Lately I have been fuguer, staggering through my life. Exhausted, weak, confused. I go to the doctor yesterday, finally. About the fatigue. I wonder sometimes if I'm a hypochondriac or the opposite of a hypochondriac. Daphne Merkin recently
reviewed a cultural history of hypochondria I found it very interesting. Interesting how Darwin or Emily Bronte could be classified as hypochondriacs, but this is the way they maintained themselves, were able to renew themselves, a culturally acceptable way to take to bed and recharge. I think I do that. I think this has been a similar argument recently about how depression helps creativity. I certainly can take to bed during the day, and it is like a dream state for me, I sleep with my thoughts and desires and wishes and come out ready to begin a project.
But I also think I might be the opposite of a hypochondriac, in that I'll ignore symptoms for a while, because I attribute everything to depression or anxiety or stress. I who wear stress so panicked on my body like the overgrown puppy beyond the wall its hysterical yelps outside the door. So if I'm feeling terrible and sluggish for a while it takes a while for me to realize there might be something organic maybe wrong with me.
I hate my doctor in Akron. He's very much a country doctor, everyone says Akron's a city, but it's not. First of all, he is very slow and looks like an animatronic Orville Redenbacher. And he always uses the same metaphor about my anemia: "It's like you're running a car with a 1/3 tank less of gas." And I hate how gendered the magazines are in waiting offices in Akron. Only the dentist has People or Entertainment Weekly. Everything else is either ESPN or car magazines or Lady's Home Journal and Good Housekeeping. Of course I come out of looking at those women's magazines wanting to tear off my bra my clothes and burn myself in effigy.

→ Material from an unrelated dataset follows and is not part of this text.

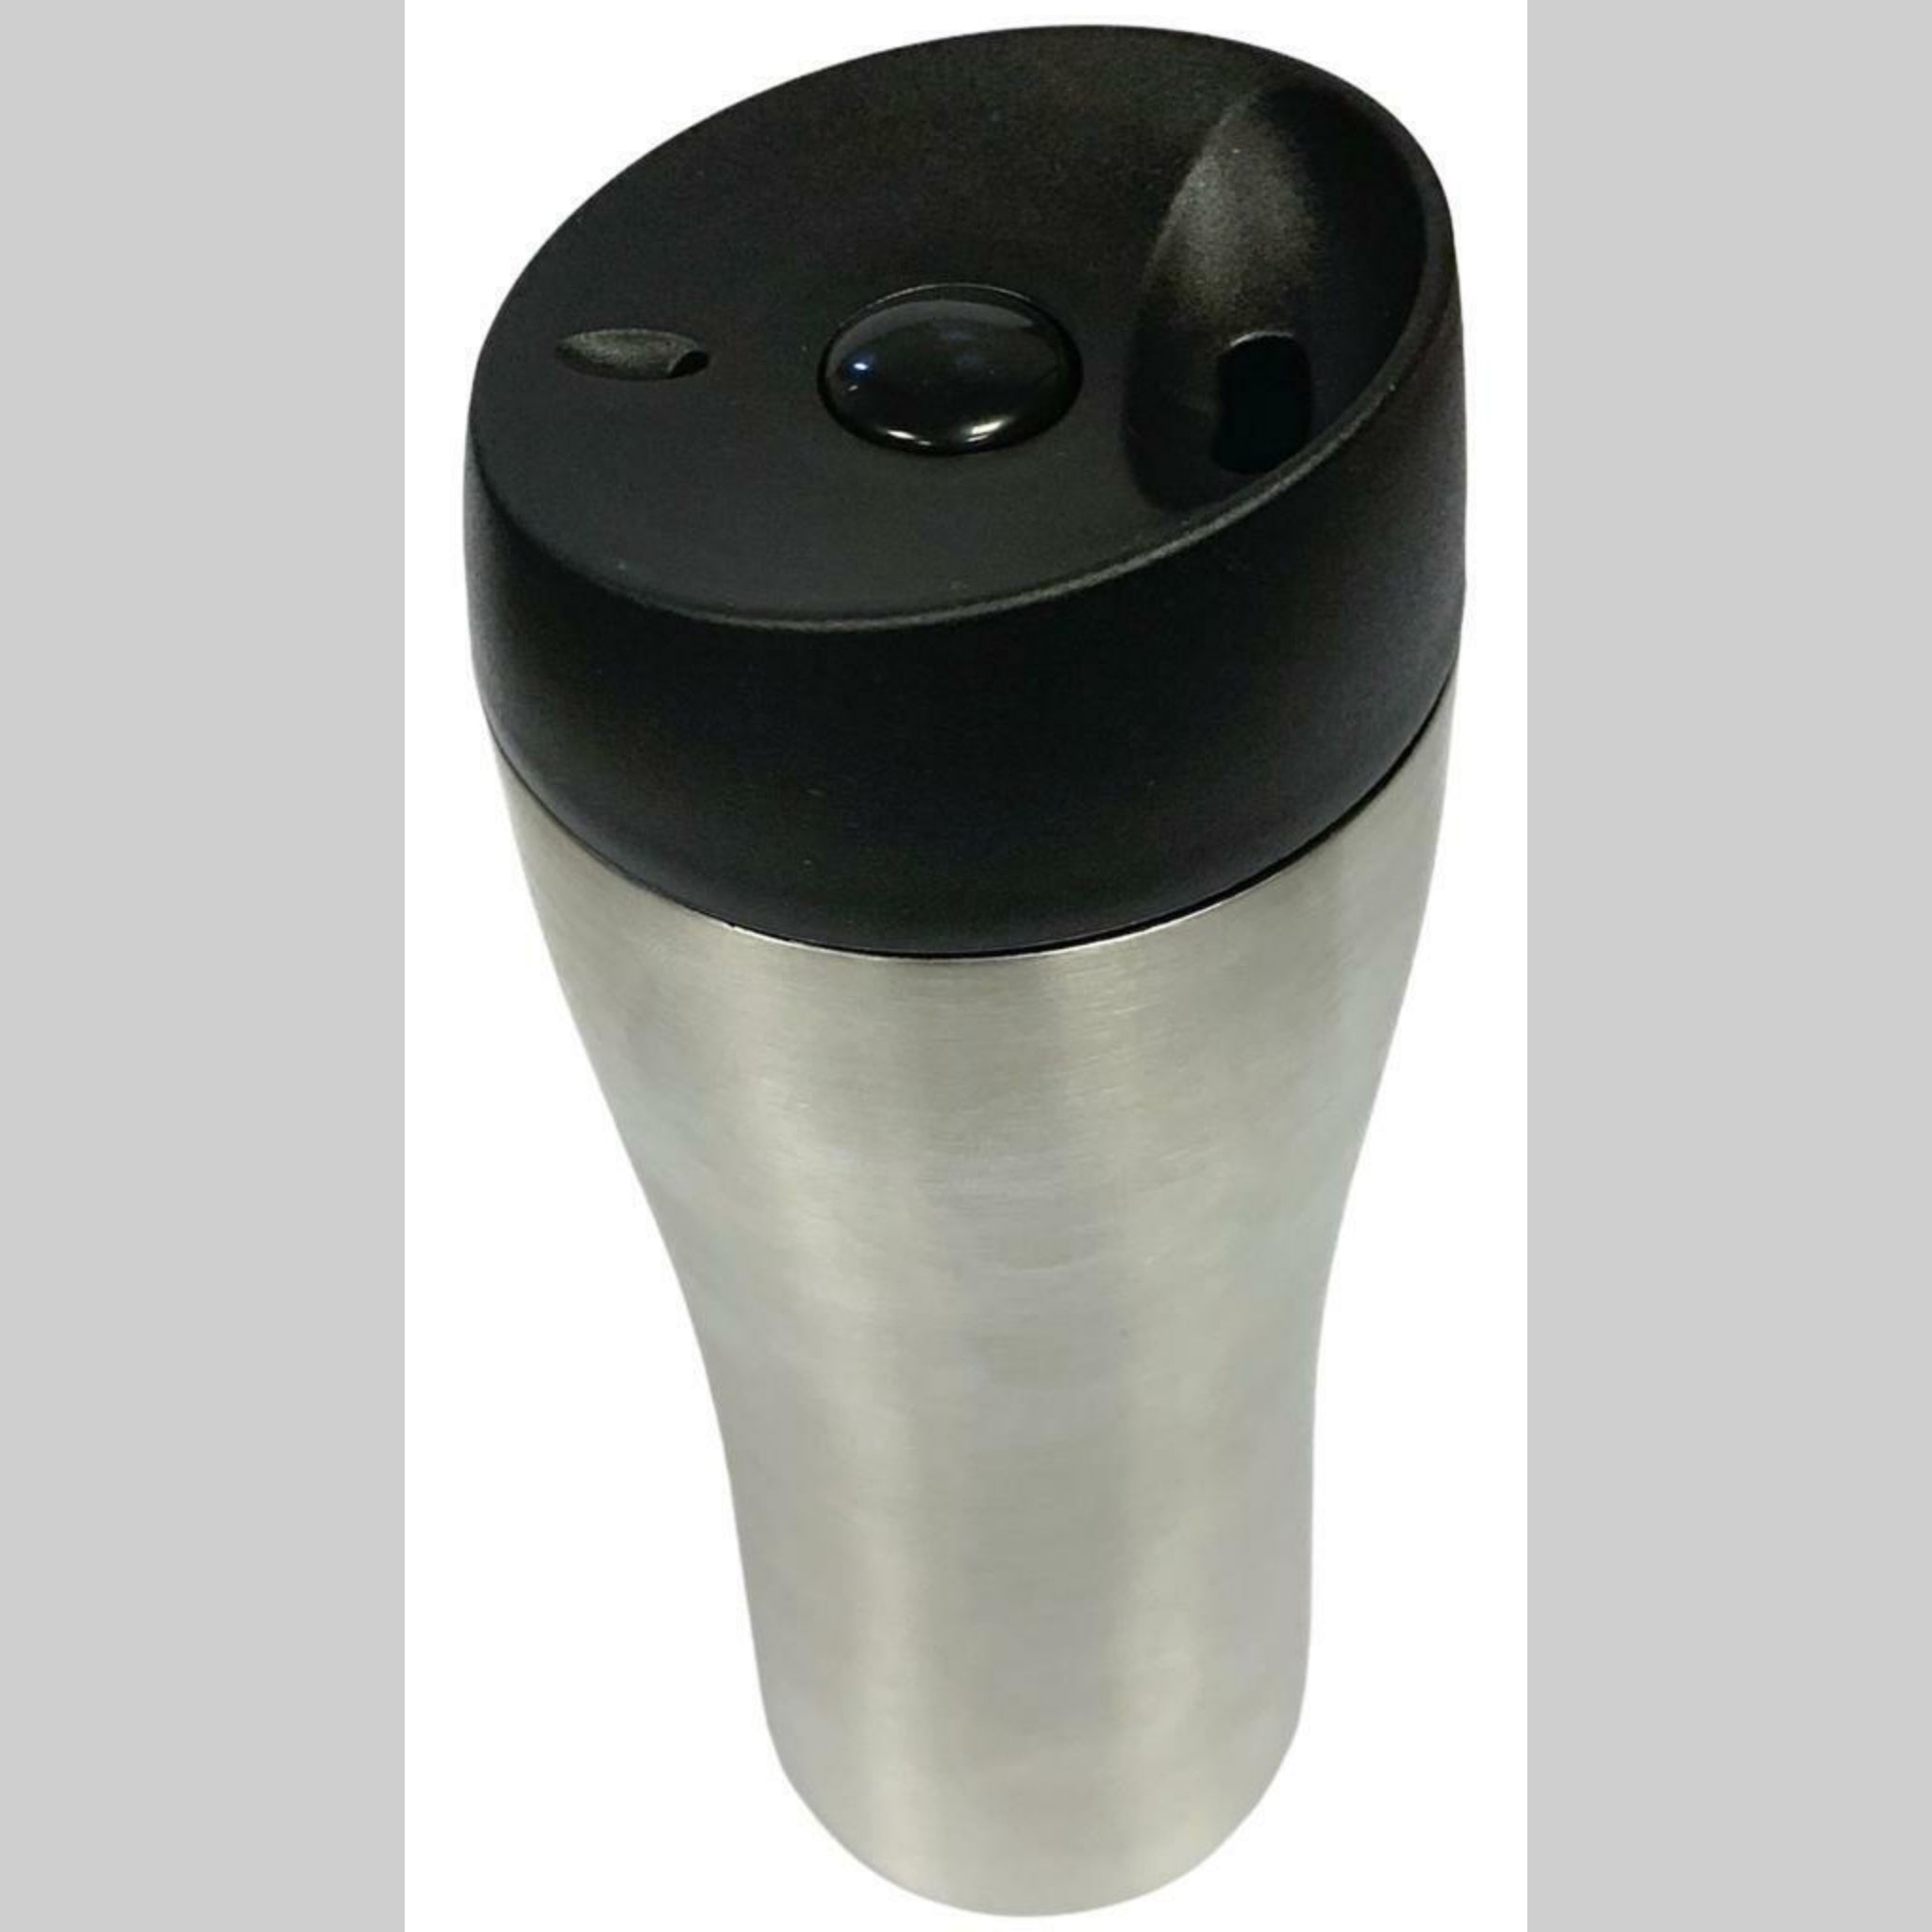 Beclen Harp AA Vaccum Insulated Travel Cup/Mug Tumbler With Push Lock Anti-Spill Lid-Your Perfect Travel Companion

Also the damn nurses always tell me what my weight is even though I tell them I don't want to know. And they weigh me everytime I set my foot over the threshold. It's like when I was in college and the student health center would give every woman a pregnancy test. My weight is always the same, I eat very healthy, I exercise frequently but not too much, and I don't care what my damn weight is, as long as my clothes fit and I like my muscles I like that I have muscles that I exercise now for quality of life not for weight loss. Put that number inside my head and I'll obsess about it, and I'd rather not add that poison into my life. I had a mother who was extraordinarily thin and disordered with her eating, and wanted us to be hypervigilant with our weight. The word Fat was bandied about often in my childhood even though my sister and I were fit, strong. I don't often remember my mother eating an actual meal. Even my overweight father recently asked me if I remembered when Mom gained a lot of weight (and the weight he said she was at when she was allegedly so heavy I think I topped out at in high school). Poison. But the nurses still always tell me. Because they're idiots and I hate them. She especially she chuckles nervously and asks why don't I want to know and I tell her because it's not important, what I weigh, and I had lost two pounds one time because I was having indigestion problems, and she said "see, you lost weight? that's a good thing, right?" Why is it always a good thing to lose weight? Why are women praised for taking up as little space as possible? Why are we always trying to reduce who we are?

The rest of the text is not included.